New York City Subway station in Brooklyn

The Bay 50th Street station is a local station on the BMT West End Line of the New York City Subway, located at the intersection of Bay 50th Street and Stillwell Avenue in the Gravesend neighborhood of Brooklyn. It is served by the D train at all times. It is in front of the campus of John Dewey High School and has been adopted by its students as part of the New York City Transit Authority's Adopt-a-Station Program.

== History ==
===Early history===

Bay 50th Street opened on July 21, 1917 as part of the final extension of the BMT West End Line from 25th Avenue to Coney Island.

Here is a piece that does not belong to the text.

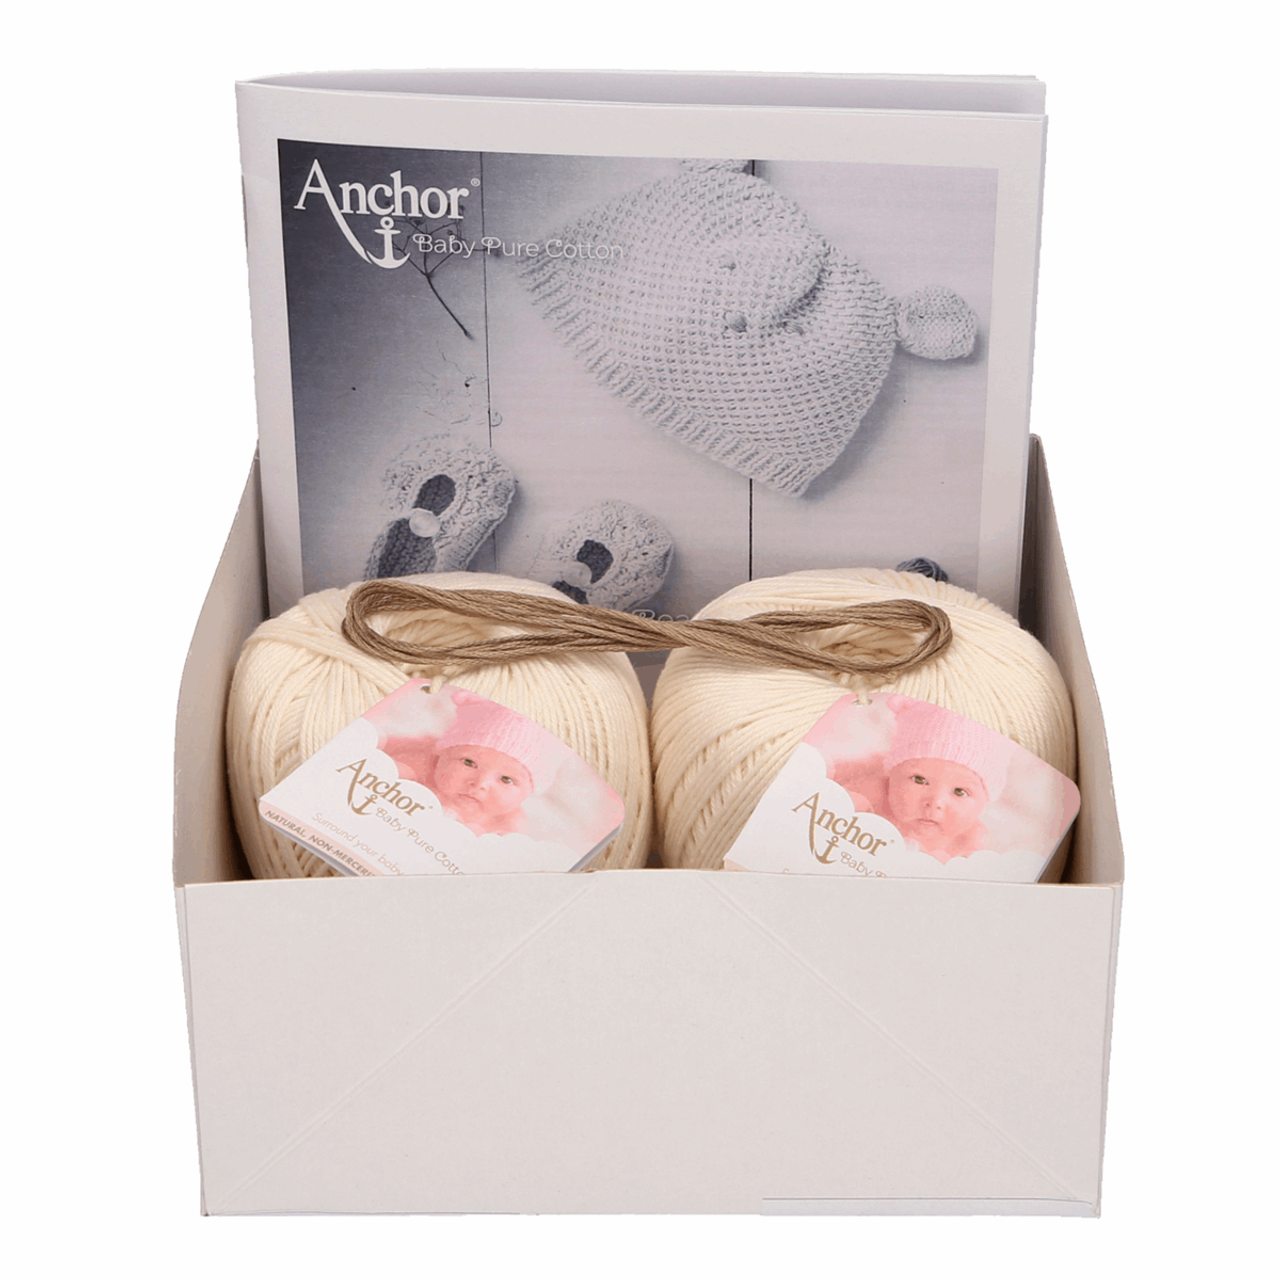 Beige Bear Beanie & Booties Baby Pure Cotton Knitting Kit

The line was originally a surface excursion railway to Coney Island, called the Brooklyn, Bath and Coney Island Railroad, which was established in 1862, but did not reach Coney Island until 1864. Under the Dual Contracts of 1913, an elevated line was built over New Utrecht Avenue, 86th Street and Stillwell Avenue, replacing the surface railway.

===Later years===
The platforms were extended in the 1960s to accommodate the current standard B Division train length of 615 feet.

As part of an 18-month capital budget that took effect on January 1, 1963, the wooden platforms at the stations on the West End Line were replaced with concrete platforms.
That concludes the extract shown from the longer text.